Data block: Begin

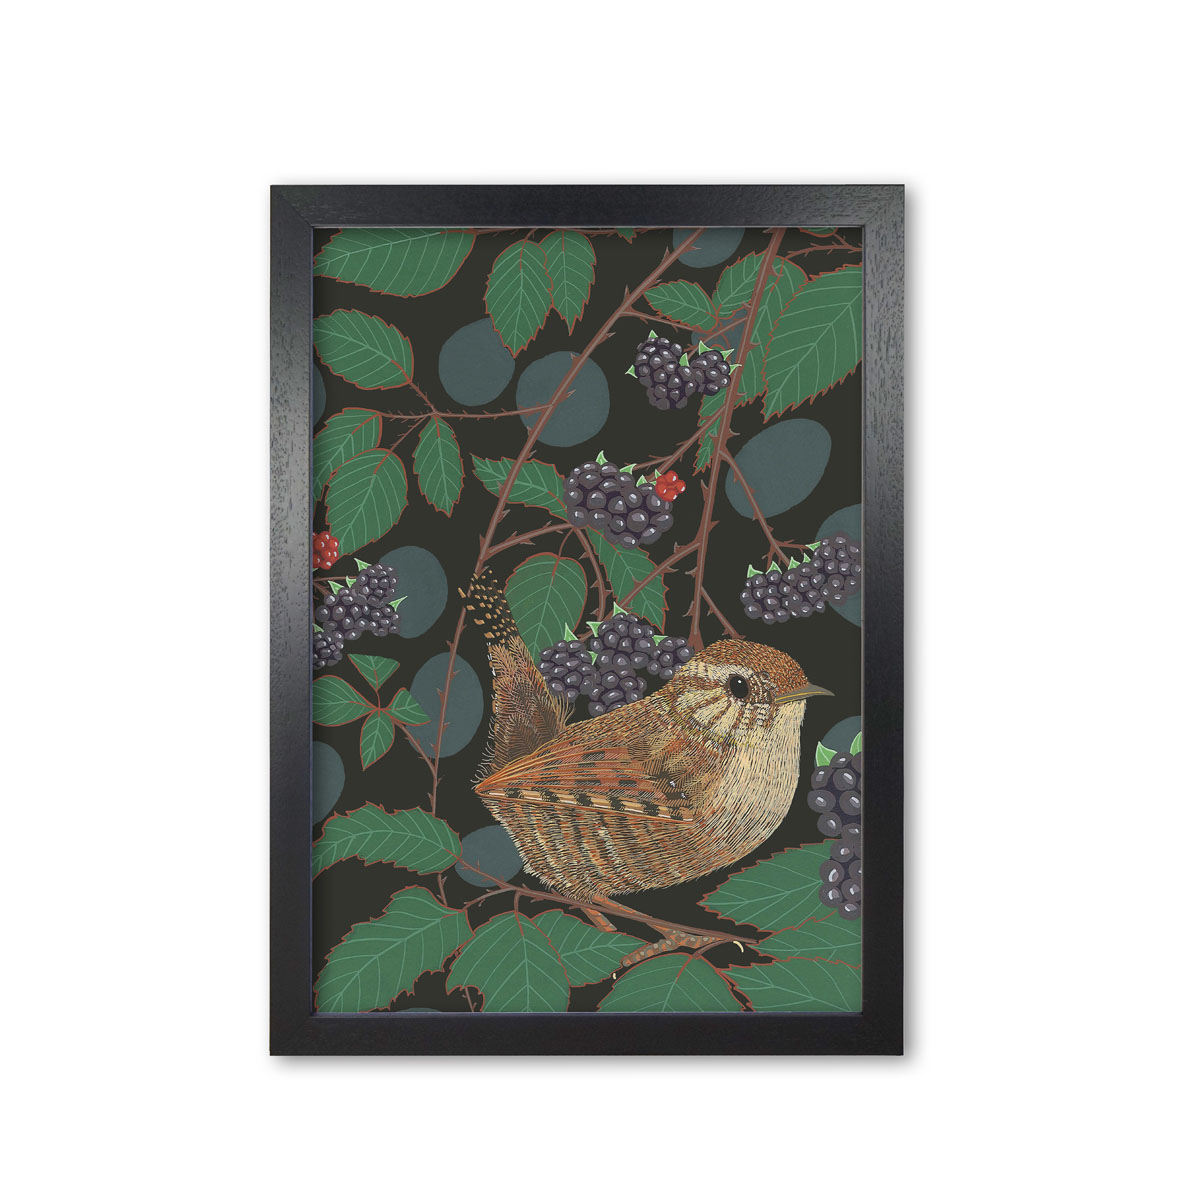 Wren Garden Bird Mounted And Framed Print
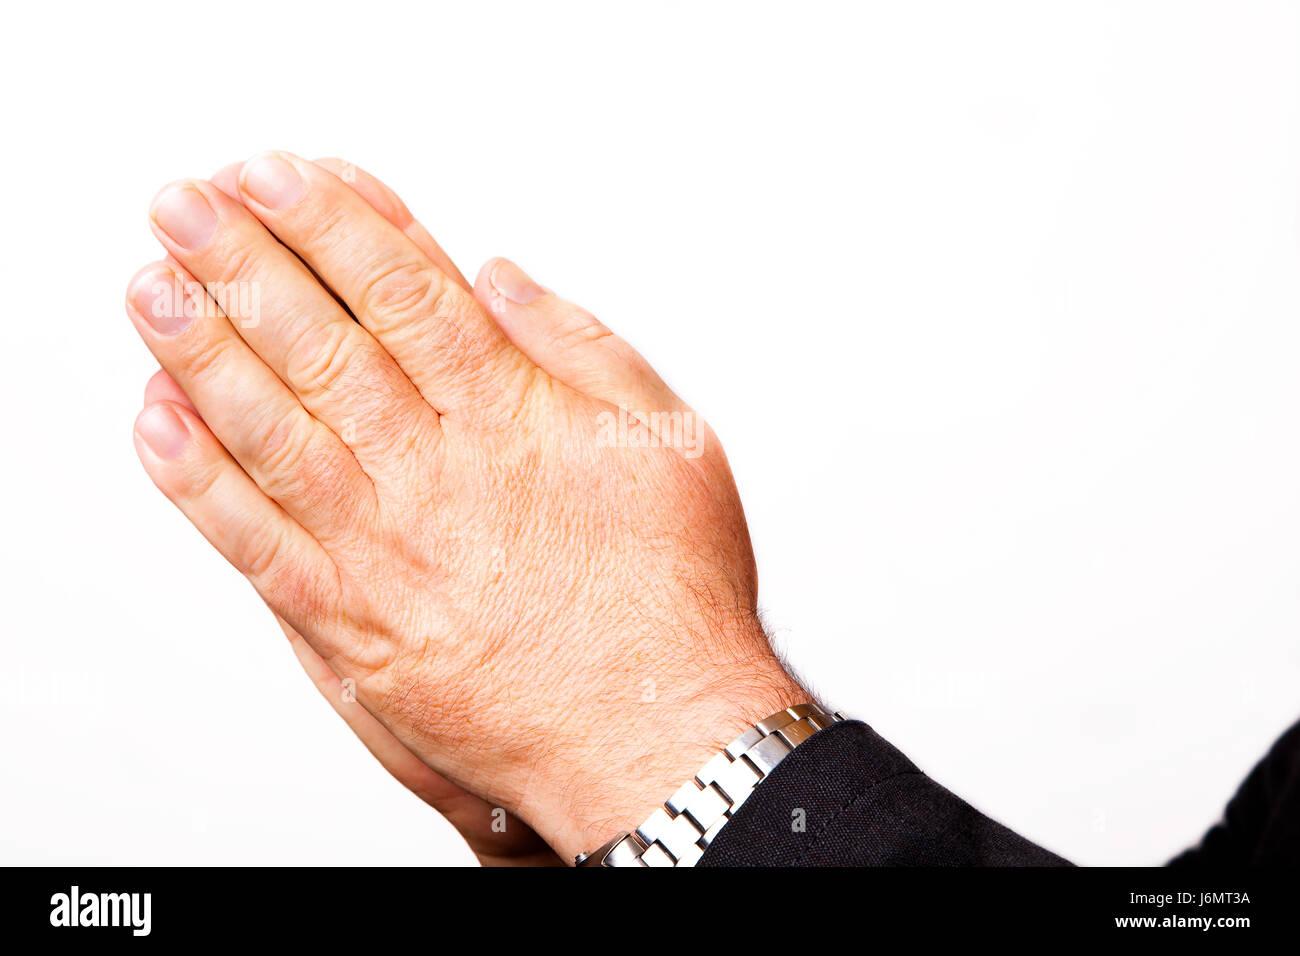 La Credenza In Dio : Mano a credenza dio pregare tenere mendicare preghiera rughe
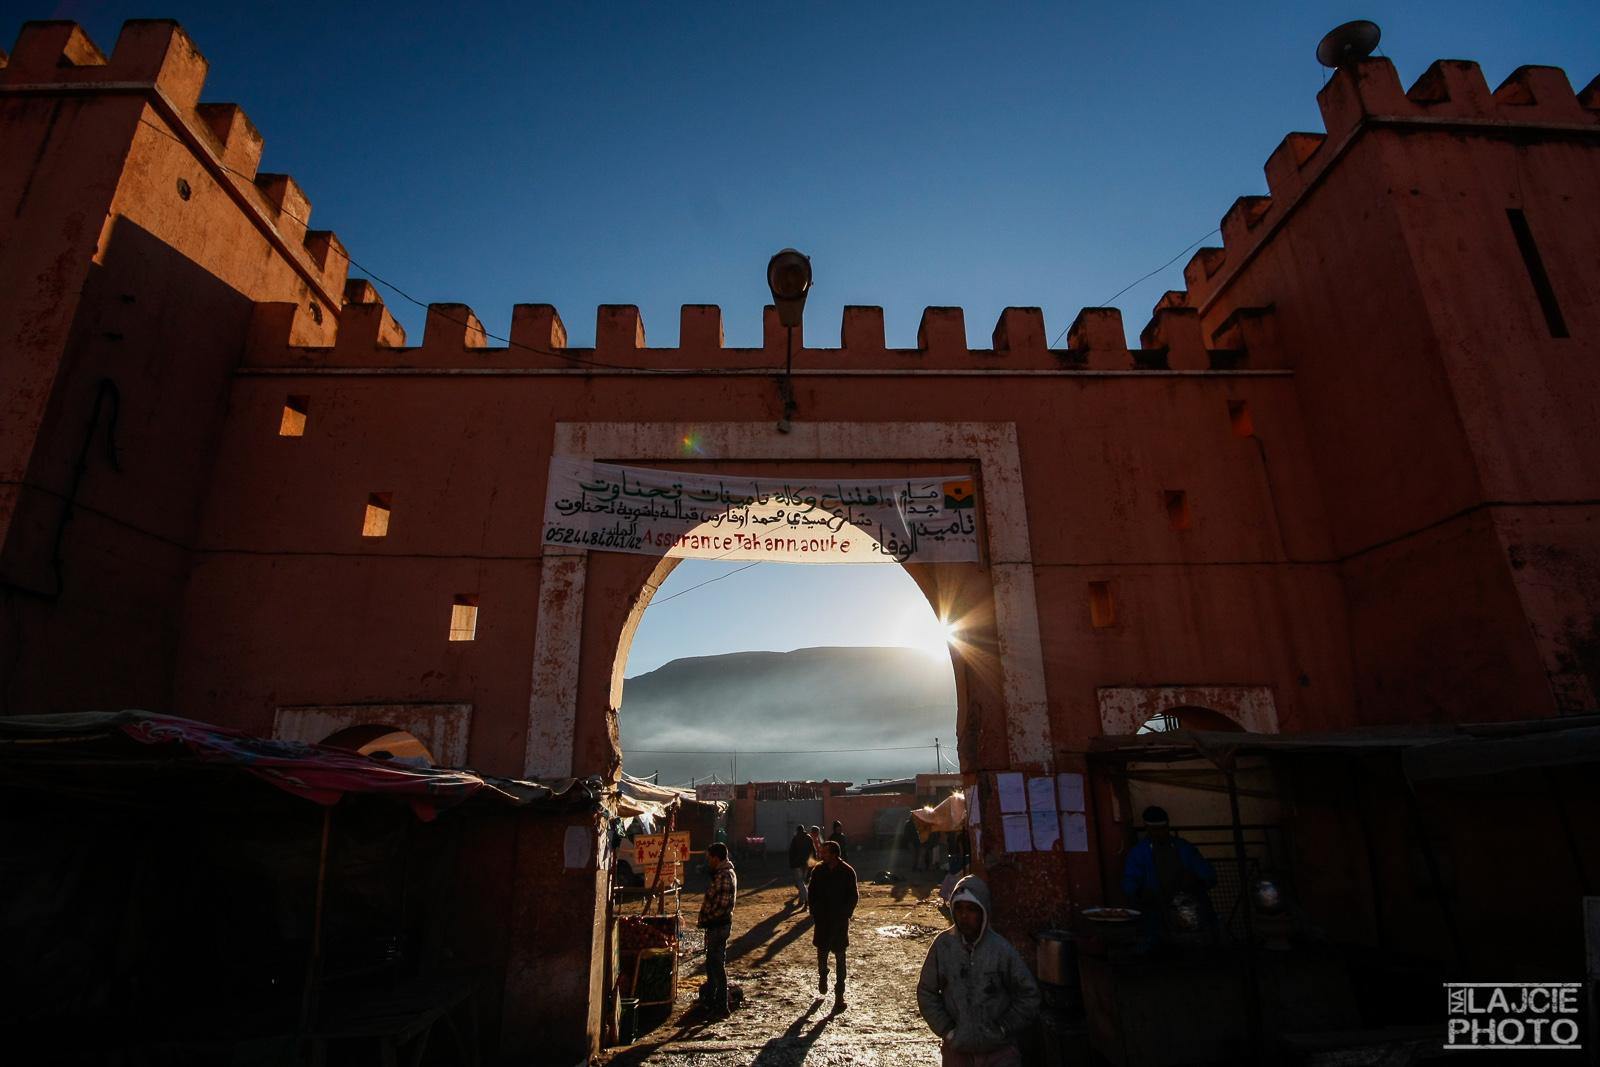 Poranek - rynek w Asni

Data block: End

Give every line above again exactly, with no pictures.

 Wren Garden Bird Mounted And Framed Print
 La Credenza In Dio : Mano a credenza dio pregare tenere mendicare preghiera rughe
 Poranek - rynek w Asni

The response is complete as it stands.